テストも暗記もない「教室」で世界について学ぶ。森美術館開館20周年記念展
その20周年記念展「ワールド・クラスルーム:現代アートの国語・算数・理科・社会」が4月19日に開幕した(会期は9月24日まで)。学校で習う教科を入口に現代アートを「未知の世界」に出会う存在と位置づけ、54組のアーティストによる約150もの作品を展示する大規模展だ。同館コレクションをまとまった形で公開しているのも特徴で、展示作品の約6割を占める。企画は同館のキュレーター全員が携わり、片岡真実館長と熊倉晴子アシスタント・キュレーターが主担当を務めた。
企画意図について、片岡はプレス内覧会でこう述べた。
「森美術館は開館以来、現代性と国際性を追求し、現代アートを幅広い層に広げる役割を担ってきた。この20年間に現代アートはグローバル化し、従来の欧米中心でなく、世界各地から発信されるようになった。よく知らなかった国・地域の作品と出会う機会が増え、その背景にある社会や文化を『学ぶ場』として現代美術館をとらえるようになり、それが今回の展示につながった」
最初のセクション「国語」の冒頭を飾るのは、コンセプチュアル・アート運動の先駆者ジョセフ・コスースの《1つと3つのシャベル》(1965)。シャベルの実物と写真、辞書の定義文が壁に並び、その本質を問いかける。本展は、概念を重視したコンセプチュアル・アートを象徴する本作をはじめ、現代美術史の参照点となる重要作品が複数展示されて、見どころのひとつになっている。
続いて、近現代の知識人が使った眼鏡にその文章や楽譜を組み合わせた米田知子の写真シリーズ「見えるものと見えないもののあいだ」(1998~)や、消滅した言語の音声記録を視覚化したスーザン・ヒラーの映像作品などを紹介する。

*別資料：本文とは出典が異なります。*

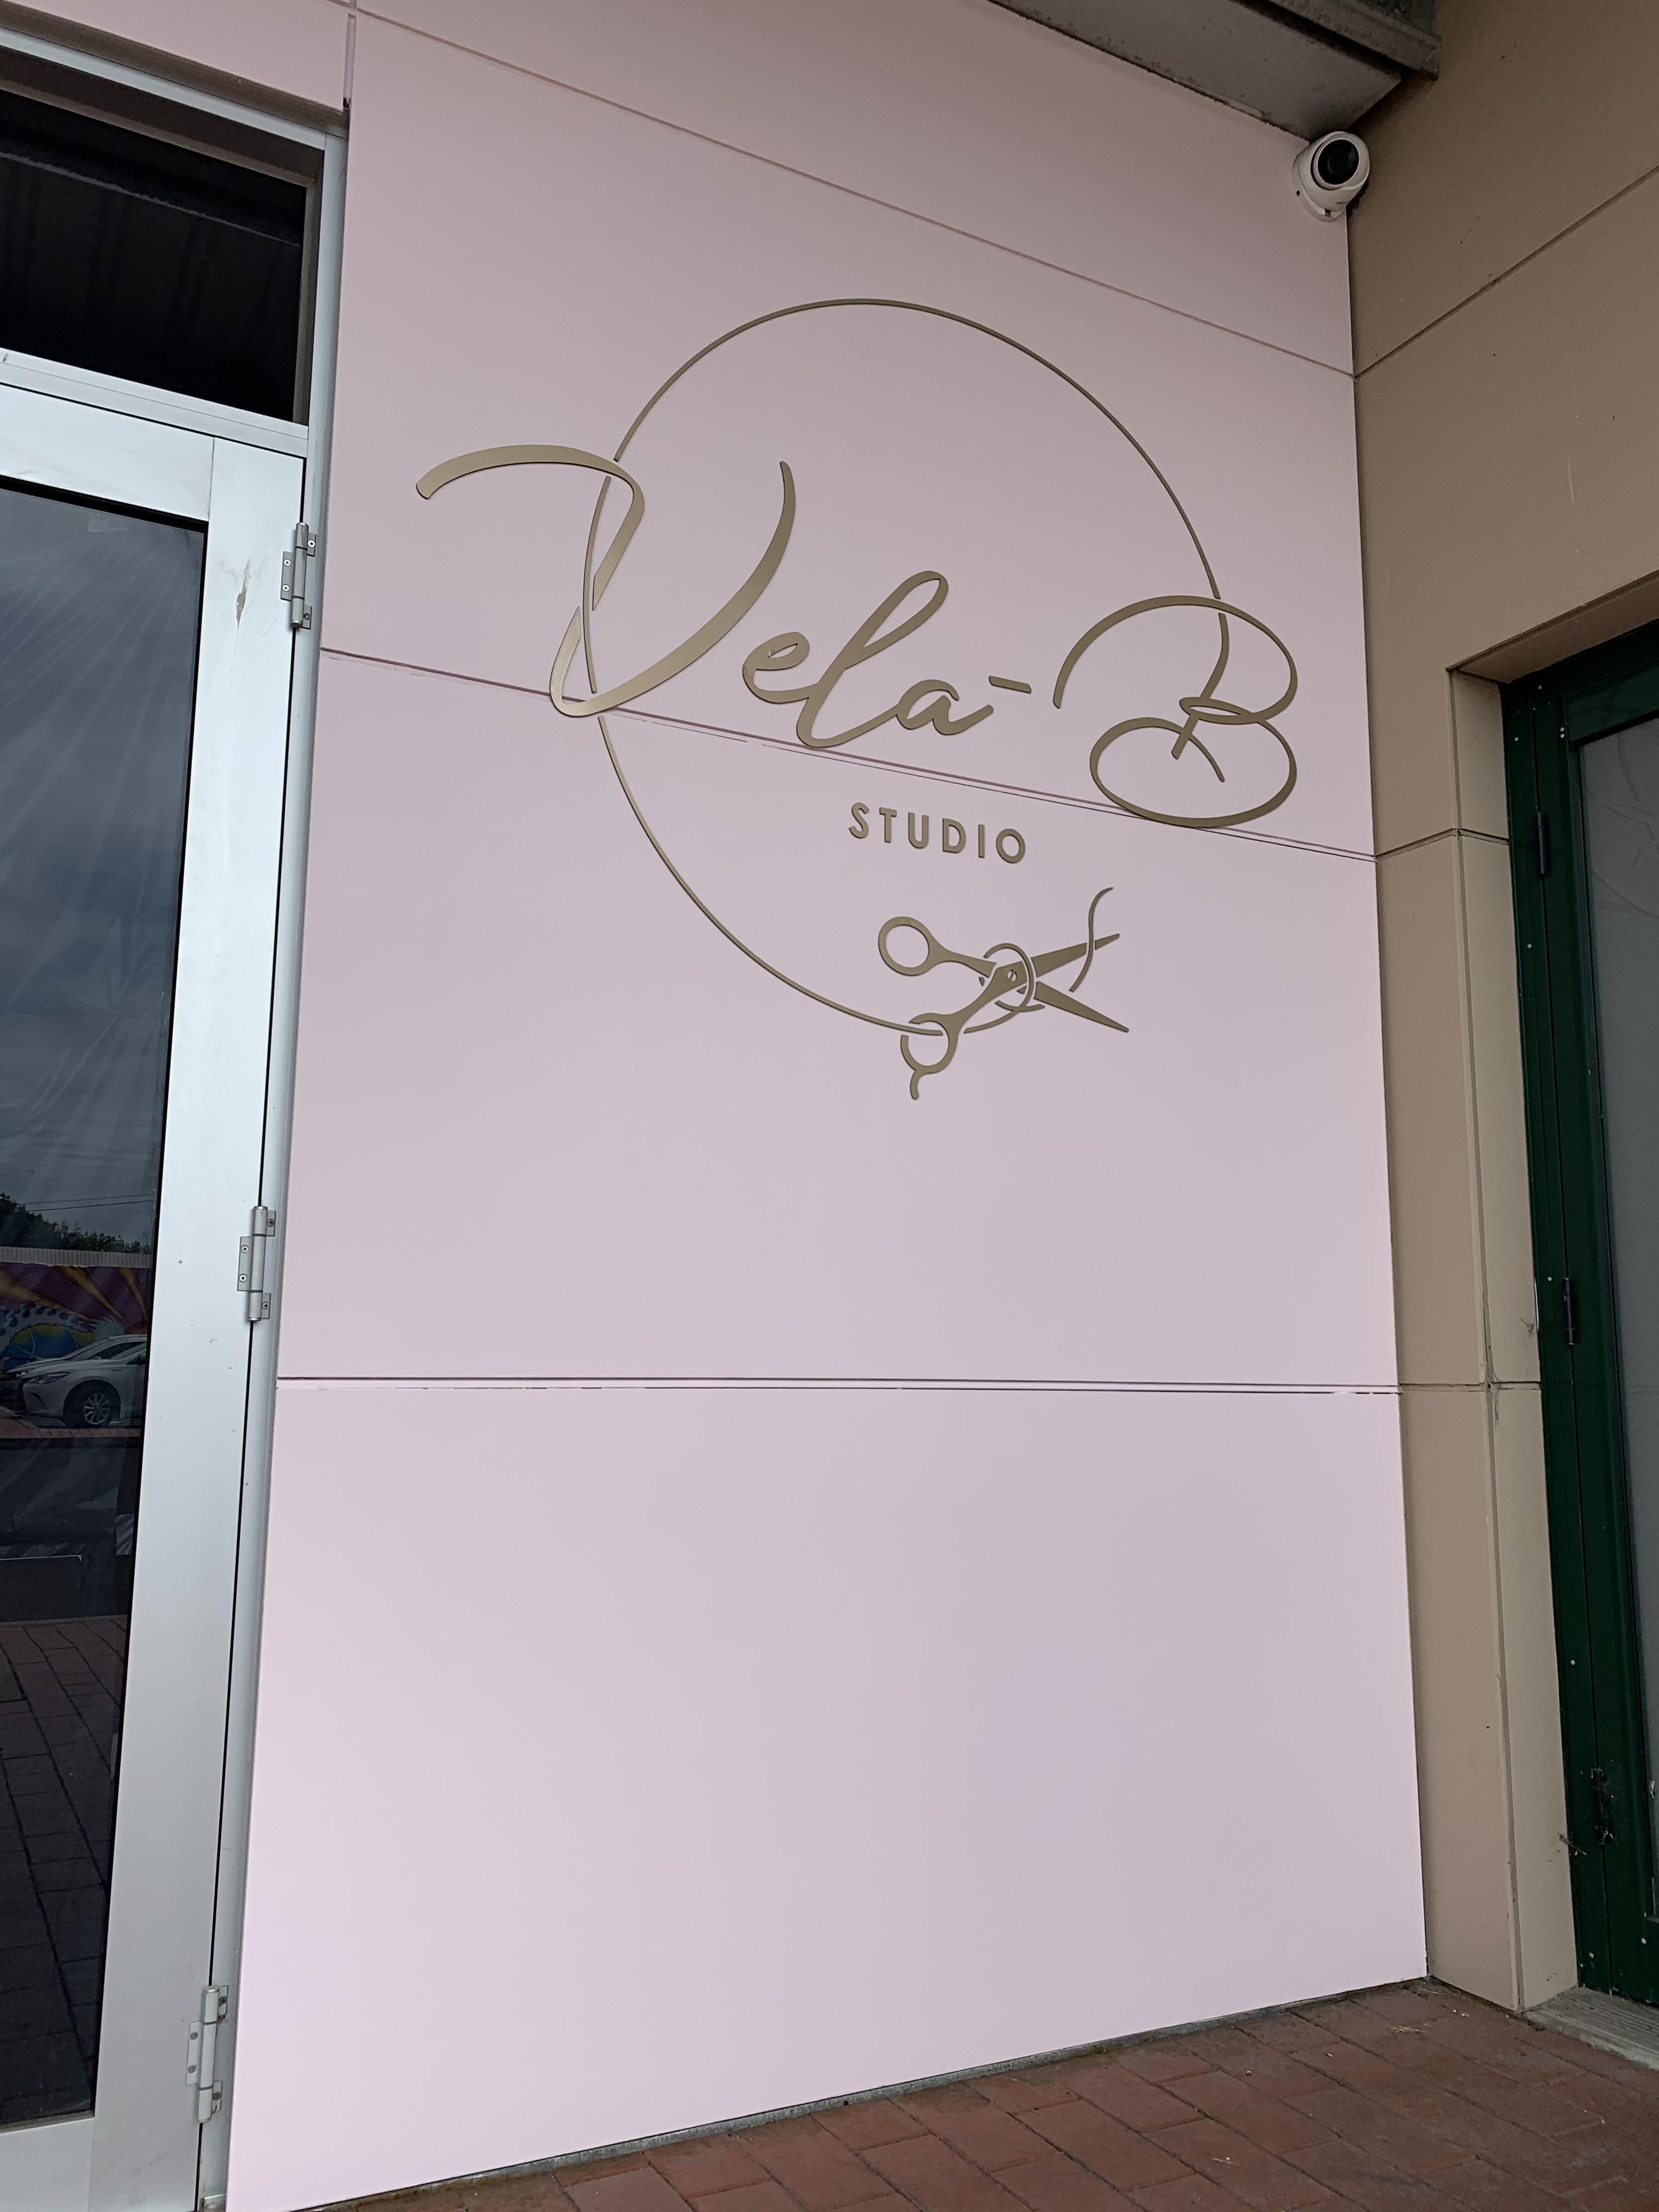 Vela B Hair Studio Signage

本展のメインビジュアルになったワン・チンソン(王慶松)の《フォロー・ミー》(2003)は、巨大な黒板と教師役を思わせる作家本人を写した大型写真作品。英語と中国語による文言やスローガンで埋め尽くされた黒板は、マクドナルドやナイキなどのロゴも点在し、急速な欧米化を風刺する視点も感じさせる。